|Date Requested:February 22, 2005
Time Requested:11:11 AM
| FUND(S) |
5084-Medical Services Fund, 5074-Services To Children and Families Fund
Sources of Revenue
|General Fund,Special Fund,Other Fund Federal|
Legislation creates:Neither Program nor Fund
Effect this measure will have on costs and revenues of state government.
| The purpose of this bill is to prohibit out-of-state placements unless the out-of-state treatment or service is in the best interest of the child or the needed treatment is not available in the state.
The Department cannot accurately estimate the fiscal impact of the legislation.

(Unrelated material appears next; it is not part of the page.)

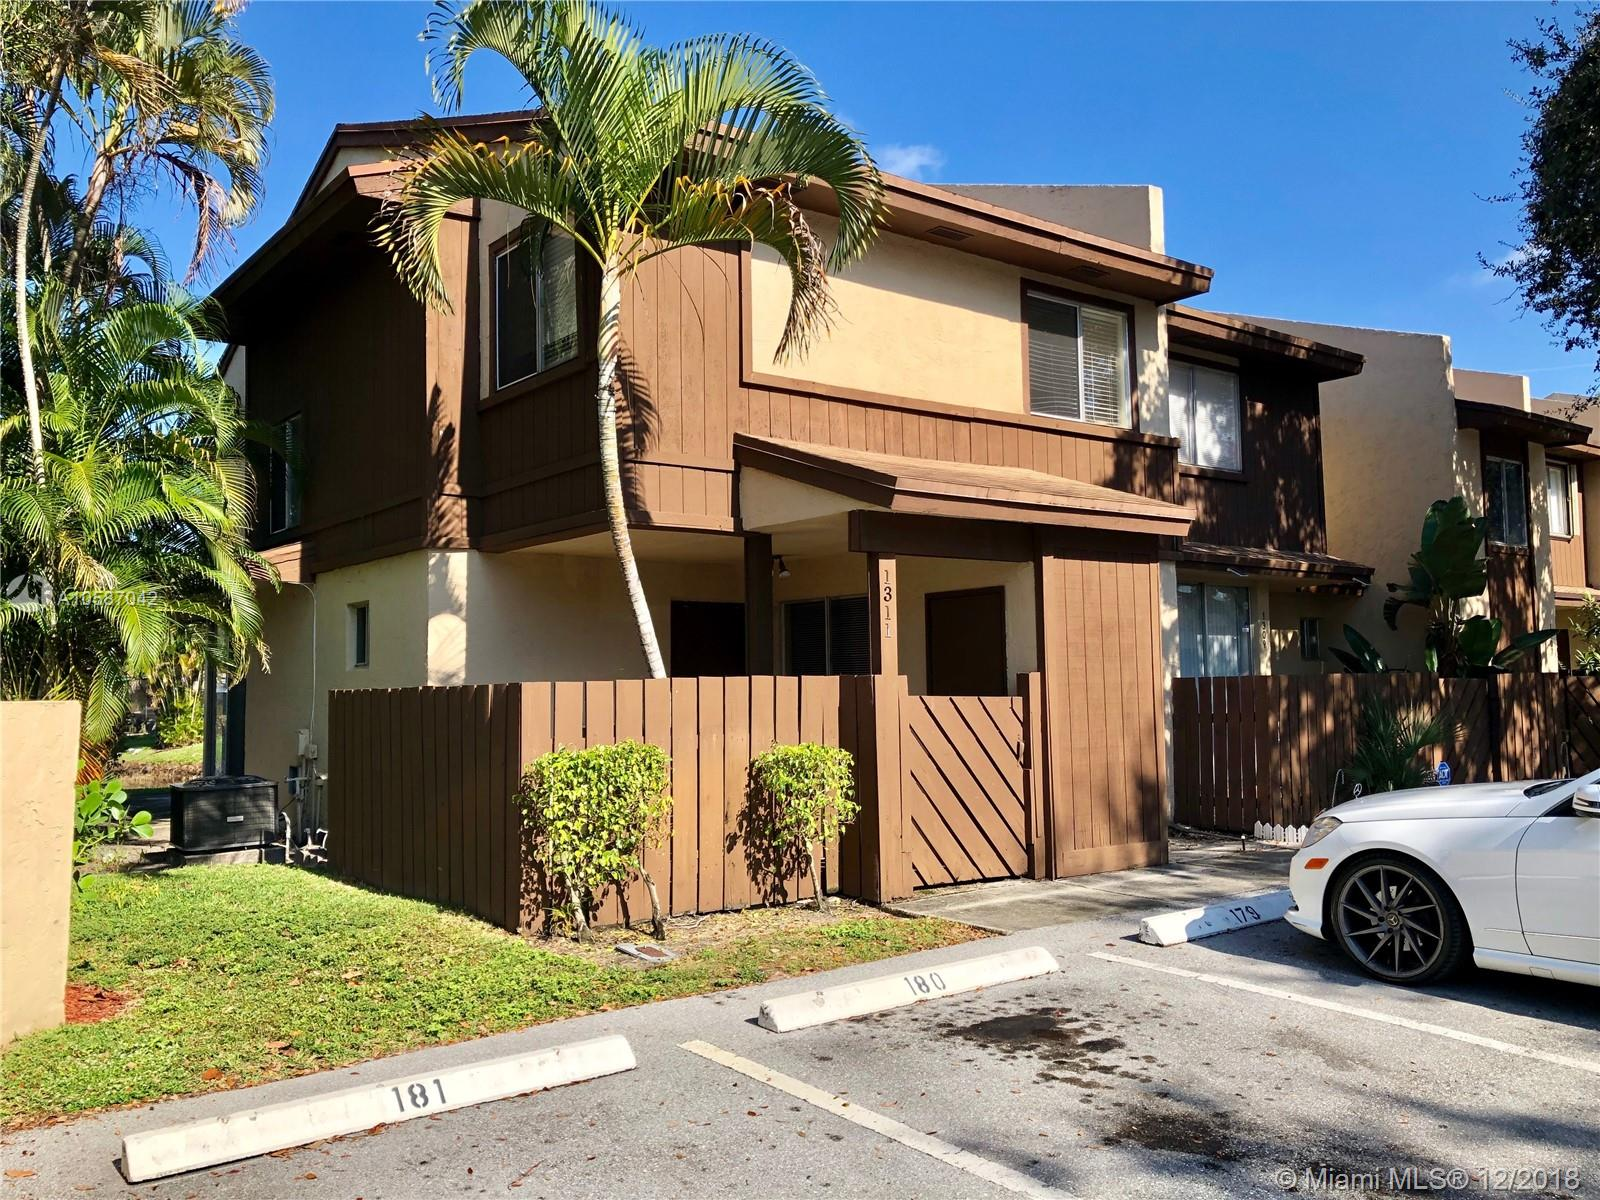 1311 Hampton Blvd, North Lauderdale, FL 33068

The Department of Health and Human Resources (DHHR) currently spends $24 million annually for out-of-state placements through the Bureau for Children and Families. These costs include room and board costs, education costs and ancillary costs. Currently, the Department only places children in out-of-state facilities when in-state facilities are not available, when the placement is the result of a court order or when the out-of-state placement is in the best interest of the child. This bill would not result in a change of policy by the Department, however, if facilities within the state became available that could provide the needed services, there could be some children returned to the state, as well some being placed in-state initially.
In addition to the above costs, the DHHR's Bureau for Medical Services (Medicaid), for state fiscal year 2003, made an average payment per day for in-state placements of $308.33 versus an average payment per day for an out-of-state placement of $238.70. The cost impact to Medicaid for this bill would be, at best, cost neutral and could potentially result in a cost increase. Medicaid is unable to quantify the potential cost increase due to unknown variables such as: length of stay, unallowable costs identified through cost settlements, the number of court mandated orders resulting in out-of-state placements, and the limited resources available in-state to serve these children.

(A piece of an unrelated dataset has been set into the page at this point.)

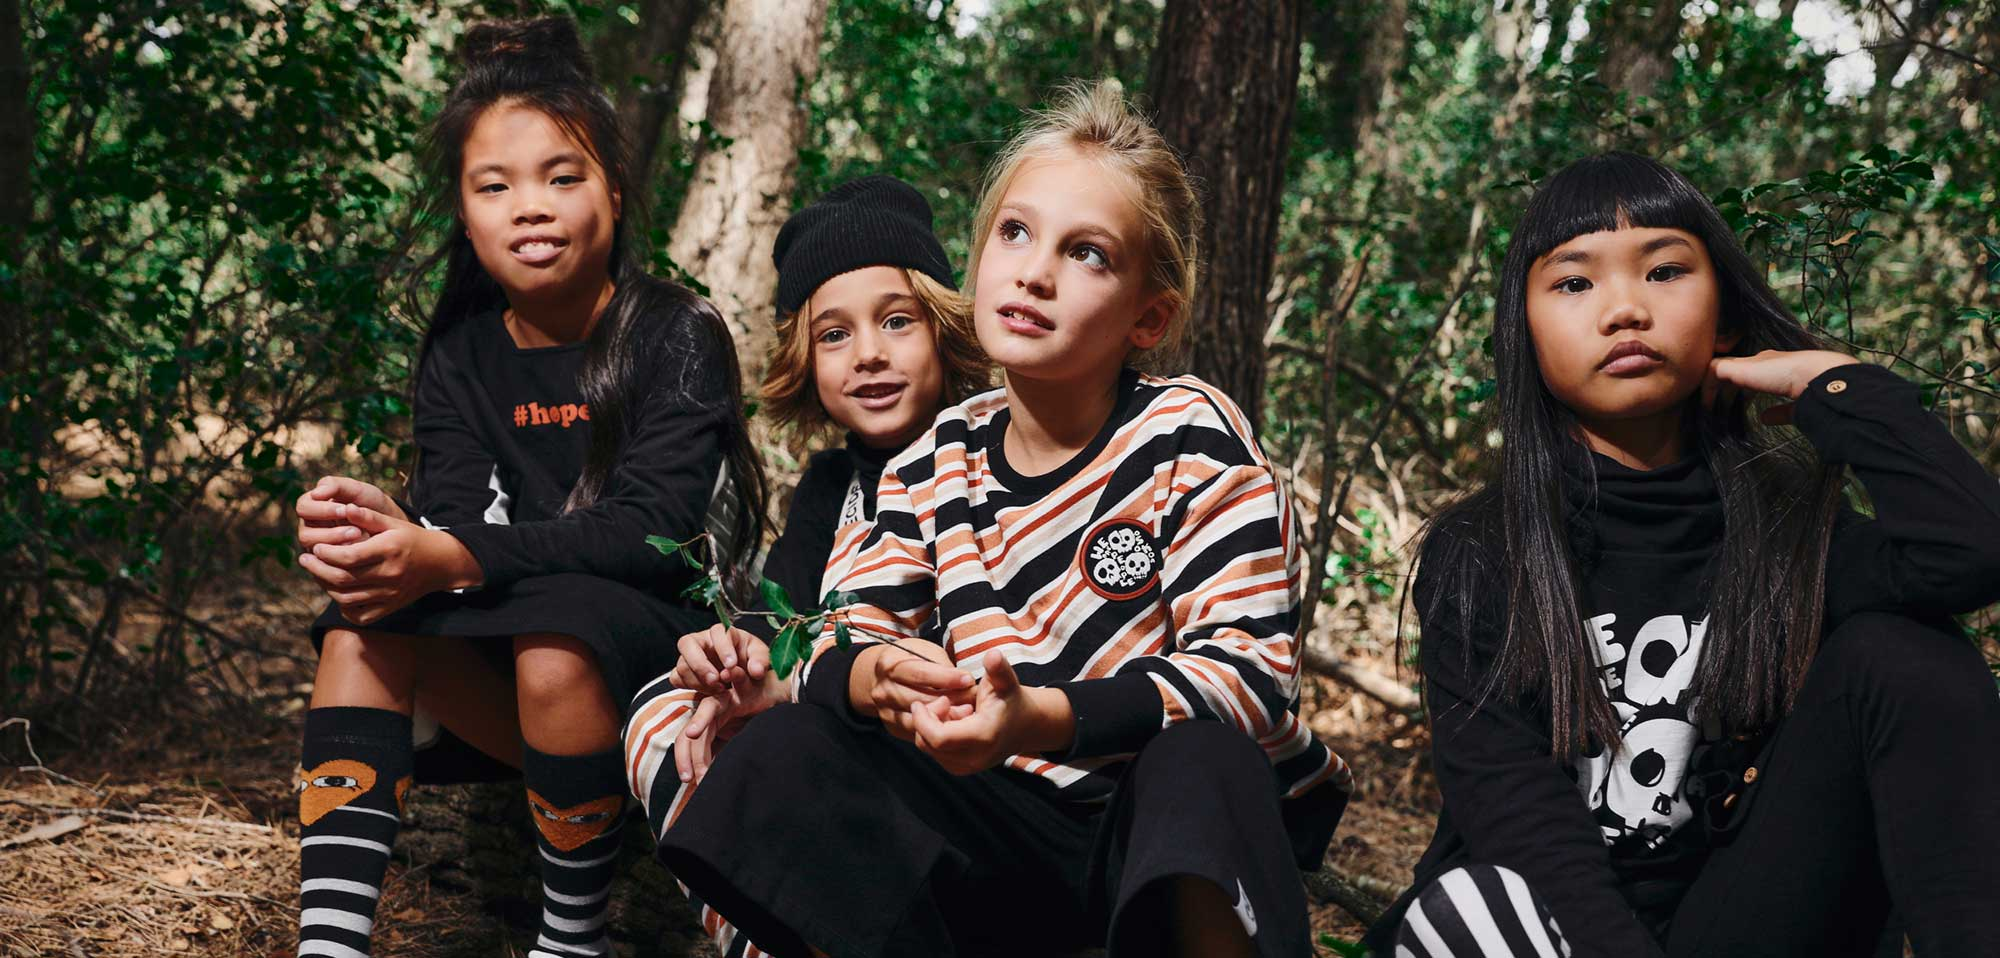 Osokoa - Sustainable Fashion for Kids

Based on the assumption that children would be placed in in-state medicaid certified facilities, the Department would see a shift of some placement costs from the Department's Bureau for Children and Families to the Department's Bureau for Medical Services, which has a higher federal participation. Additionally, some of the in-state education costs would then become the obligation of the Department of Education rather than DHHR.
|Effect of Proposal||Fiscal Year|
|1. Estmated Total Cost||0||0||0|
|Repairs and Alterations||0||0||0|
|2. Estimated Total Revenues||0||0||0|
3. Explanation of above estimates (including long-range effect):
For the above reasons the Department cannot accurately estimate the fiscal impact of the legislation.